Train a [random forest](https://scikit-learn.org/stable/modules/generated/sklearn.ensemble.RandomForestClassifier.html) model and evaluate its performance on 10-fold CV and also on the test set. You might find sklearn [Pipeline](https://scikit-learn.org/stable/modules/generated/sklearn.pipeline.Pipeline.html) helpful to create the model (`tip`: use OneHotEncoder to encode the cateogrical features)

Evaluate the performance using accuracy_score and classification_report from sklearn. Comment on the model's performance considering precision and recall. Comment on the generalisability of the model (does it have similar performance on the test set as with the cross validation set?)

Use `X_train_imputed`, `y_train`, `X_test_imputed`, `y_test`.

# 5. Evaluate feature importance
Identify and visualise the top 10 most important features that influence when Gringotts approves a loan.

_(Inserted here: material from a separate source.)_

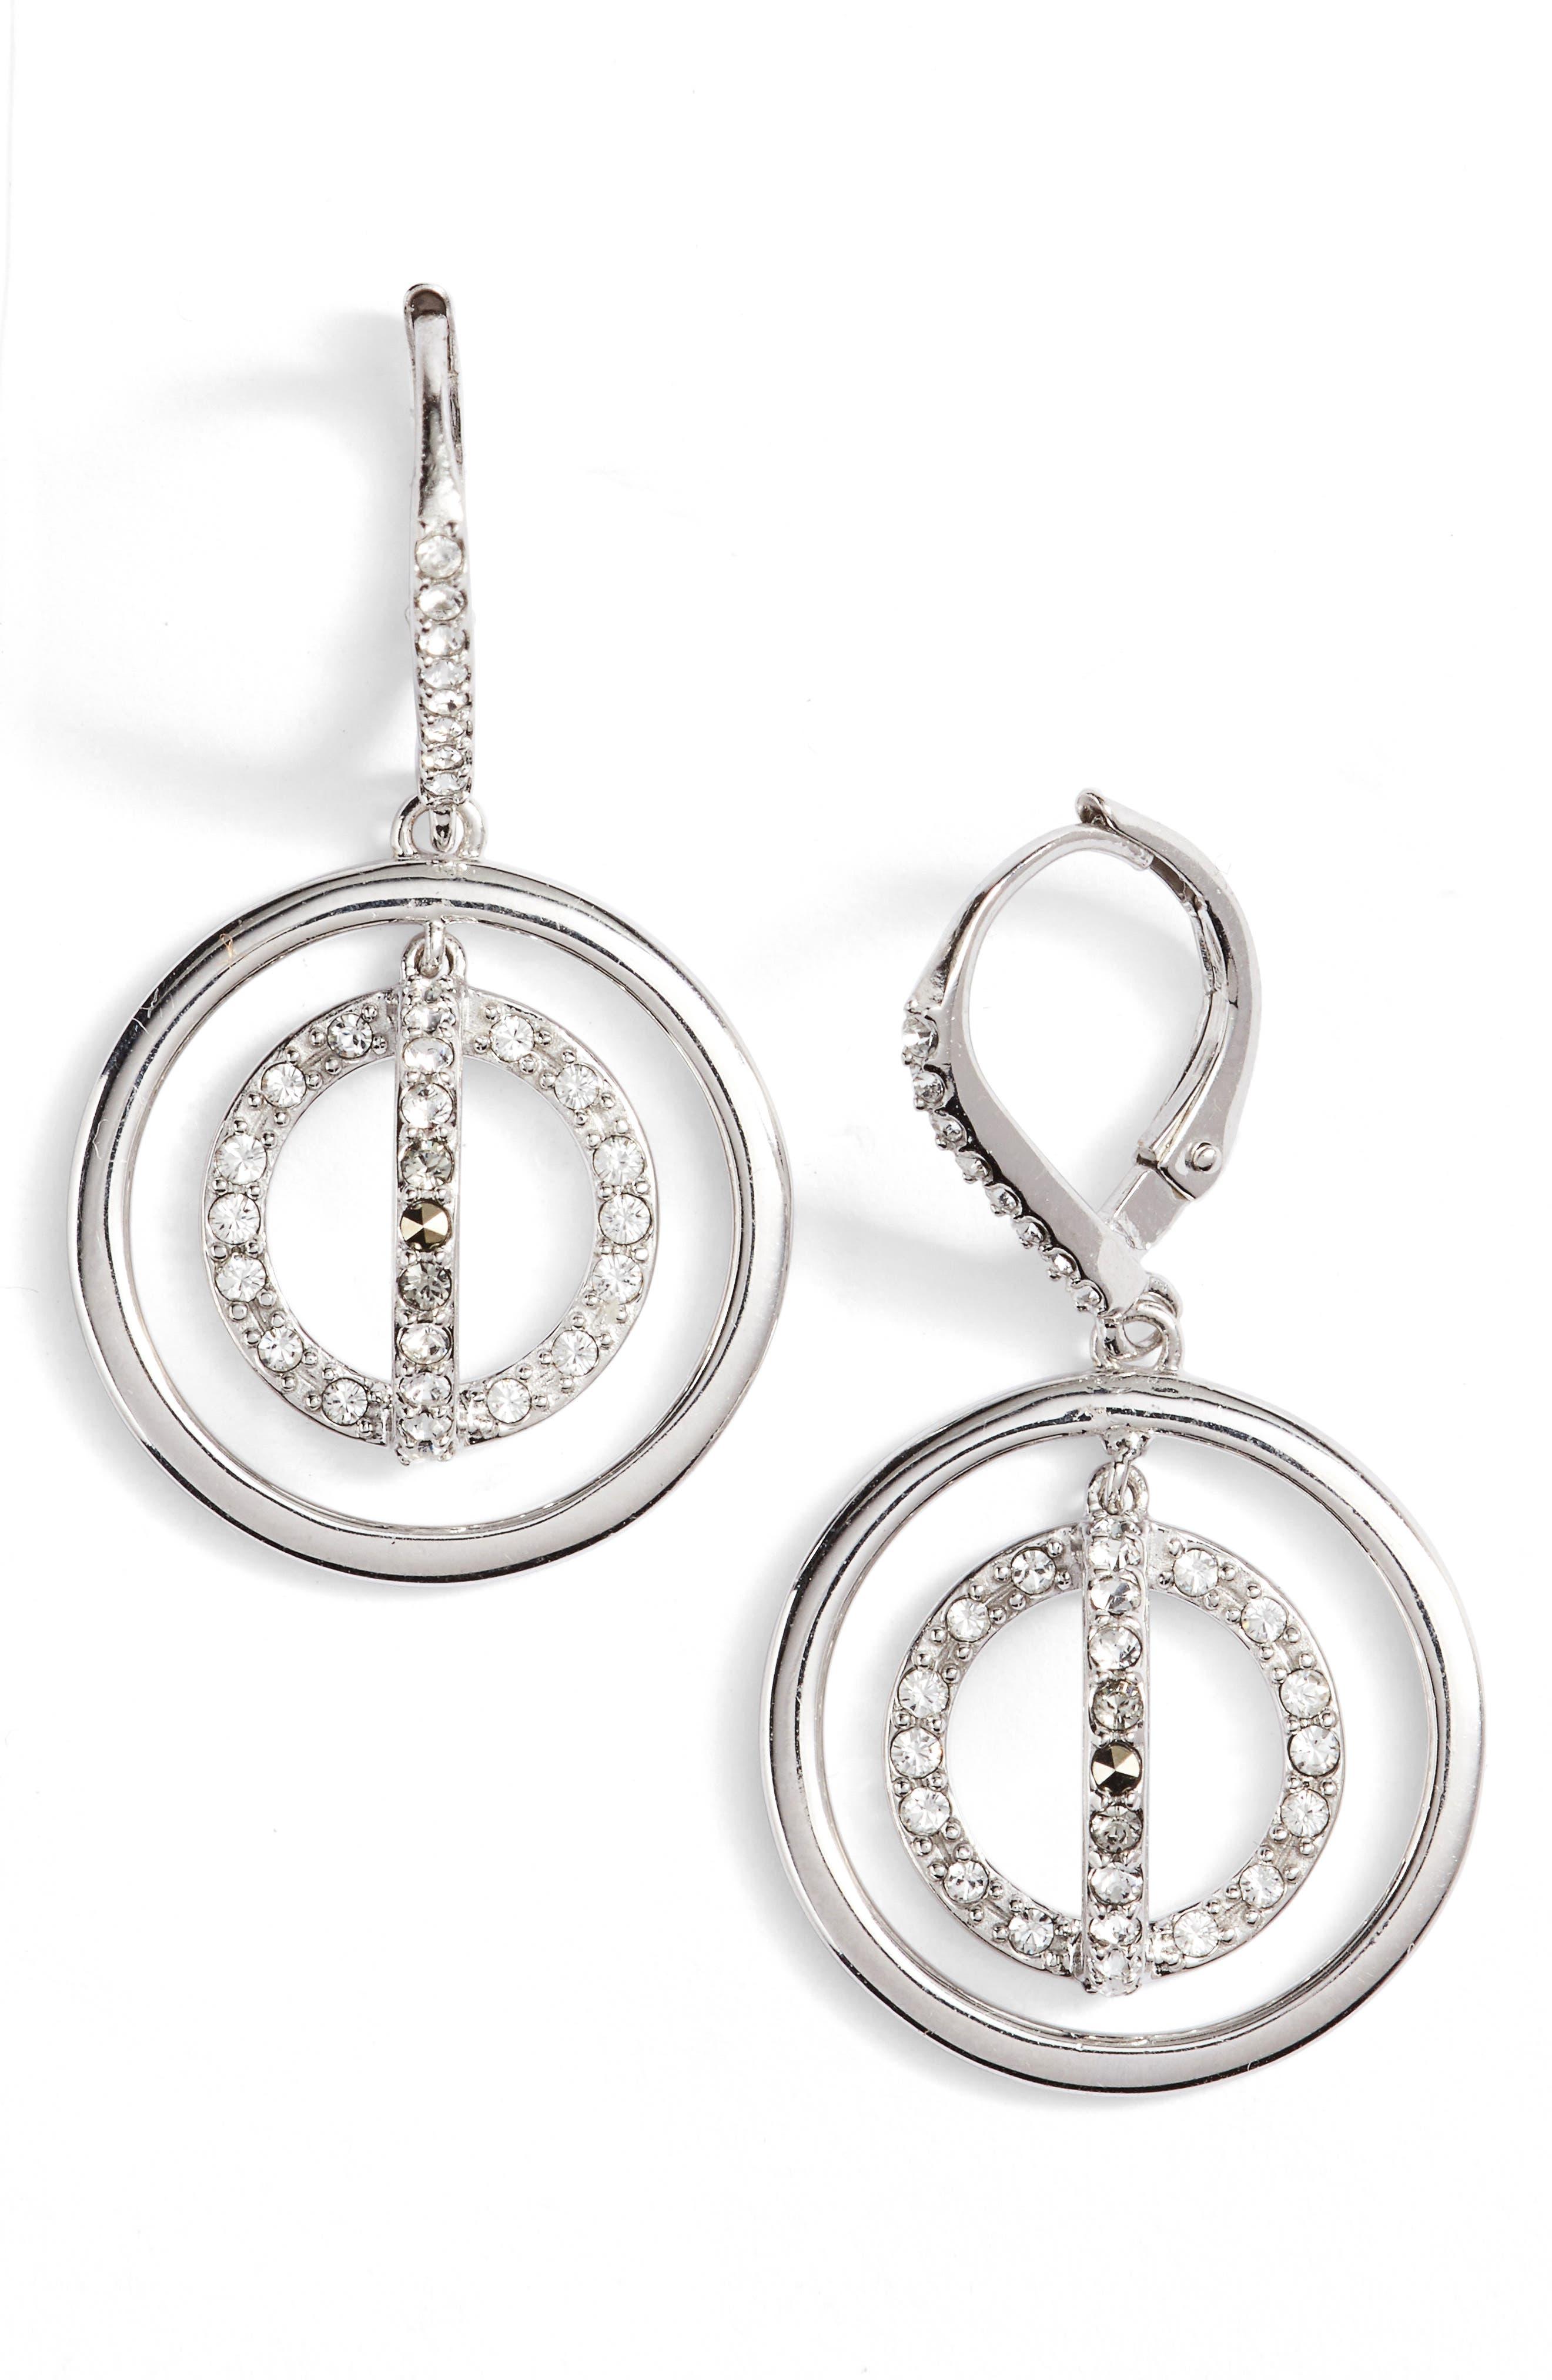 JUDITH JACK Sparkle Silver Crystal Drop Earrings

Comment on the impact of the top few features.

# 6. Understanding model's performance further

In [None]:
!pip install fairlearn
from fairlearn.metrics import MetricFrame, selection_rate

Determine if the model exhibits bias by performing significantly differently across various groups. For instance, assess whether the model's performance is superior or inferior for samples where the gender is male compared to other groups.

Use the get_fairness_evaluation function to analyze the impact of this and other variables on model performance. This function uses Fairlearn to evaluate how the model fares across different classes, focusing on sensitive metrics such as accuracy, balanced accuracy, precision, and recall.

In [None]:
def get_fairness_evaluation(X_test, y_test, y_pred, columns):
  sensitive_features_df = X_test[columns]

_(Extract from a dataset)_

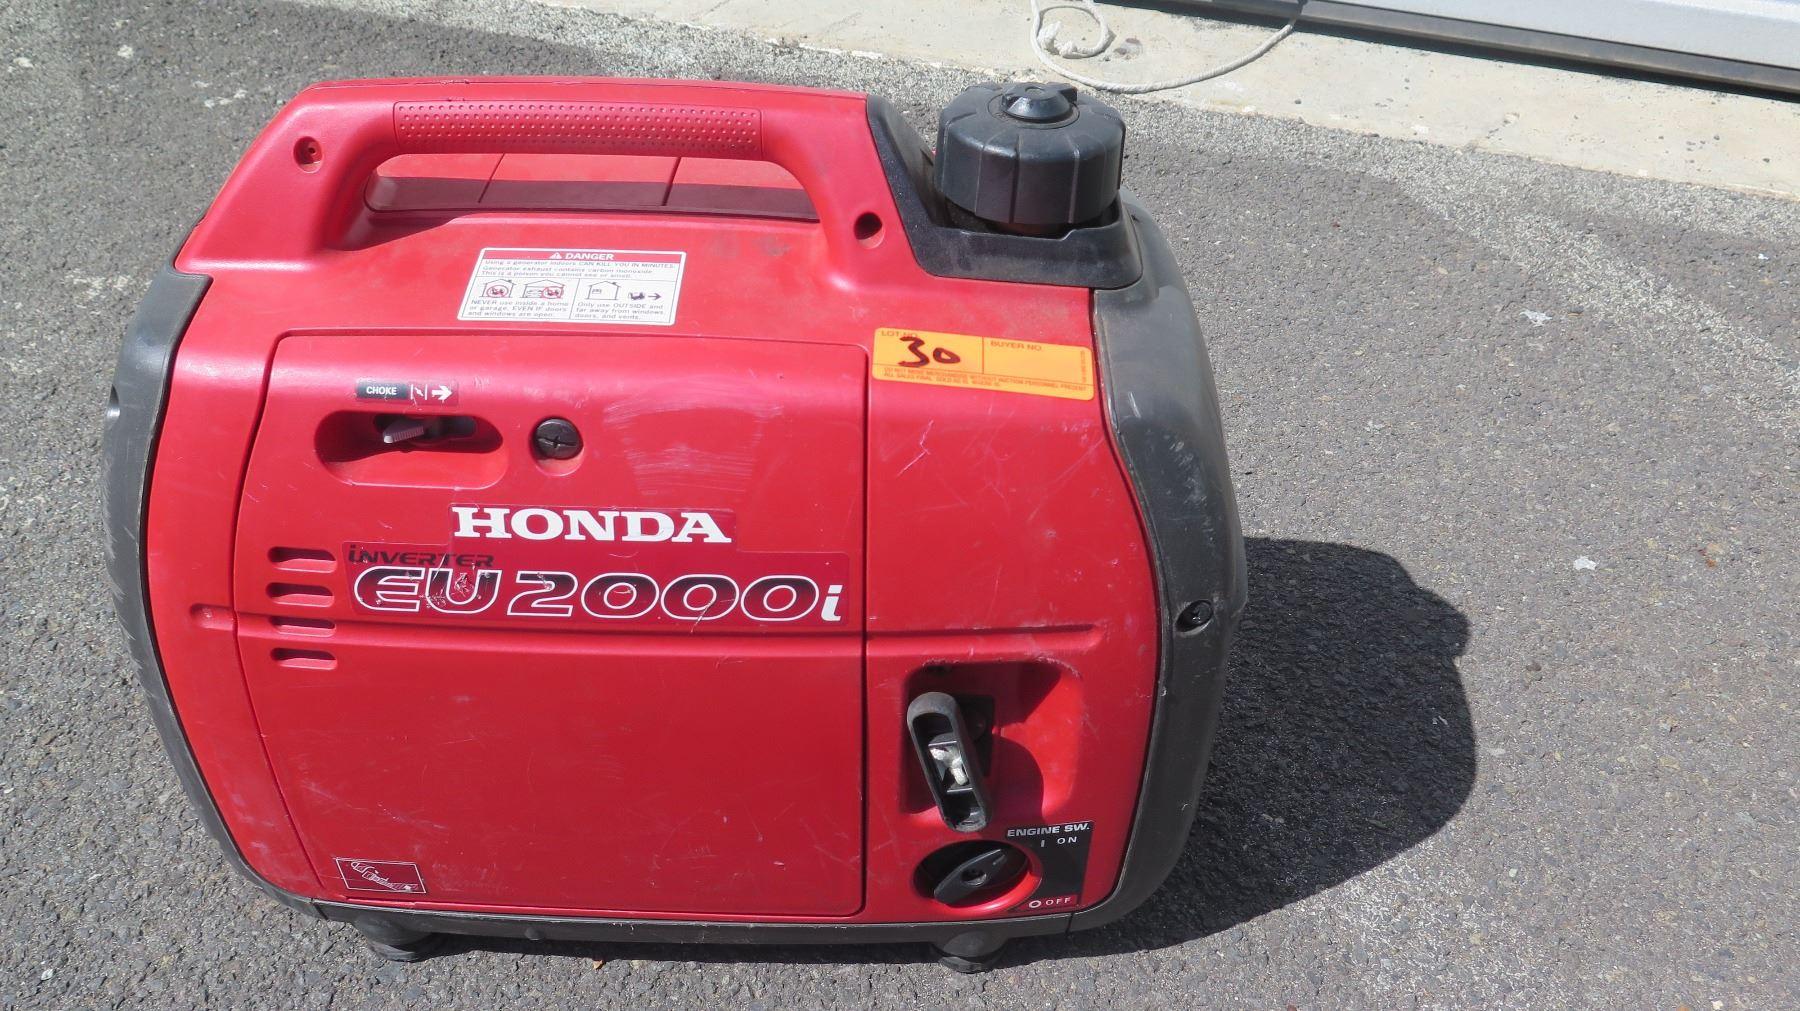 Honda EU2000I Generator - Starts and Runs, No Known Problems

  def precision_wrapper(y_true, y_pred): return precision_score(y_true, y_pred, pos_label='Yes', zero_division=0)
  def recall_wrapper(y_true, y_pred): return recall_score(y_true, y_pred, pos_label='Yes', zero_division=0)

  mf = MetricFrame(metrics={
                      'accuracy': accuracy_score,
                      'balanced_accuracy': balanced_accuracy_score,
                      'precision': precision_wrapper,
                      'recall': recall_wrapper,
                      'count': lambda y_true, y_pred: y_true.shape[0]},
                  y_true=y_test,
                  y_pred=y_pred,
                  sensitive_features=sensitive_features_df)

  plot = mf.by_group.plot.bar(
    subplots=True,
    legend=True,
    figsize=[12, 8],
    title="Fairness Metrics Across Sensitive Features"
  )

  plt.tight_layout()
  plt.show()

  return mf.by_group

In [None]:
get_fairness_evaluation(X_test_imputed, y_test, y_pred, ['gender'])

Try out different combinations. For example you can pass as input to the columns feature ['bloodline', gender'].

# Sociotechnical questions

Reflection questions: As part of the assessment of this bounty you will also be graded on how you reflect on the following questions. When practicing AI Ethics, it is important to understand AI as socio-technical systems, and that although technical issues can be problematic, one need to understand the systematic and social structures giving rise to them in the first place.

- Can all problems with bias be solved technically? If not, why?
- What decision-making systems should be using algorithmic/AI approaches and which should not?
- Is it just and fair to solve problems with bias by fixing technological constraints?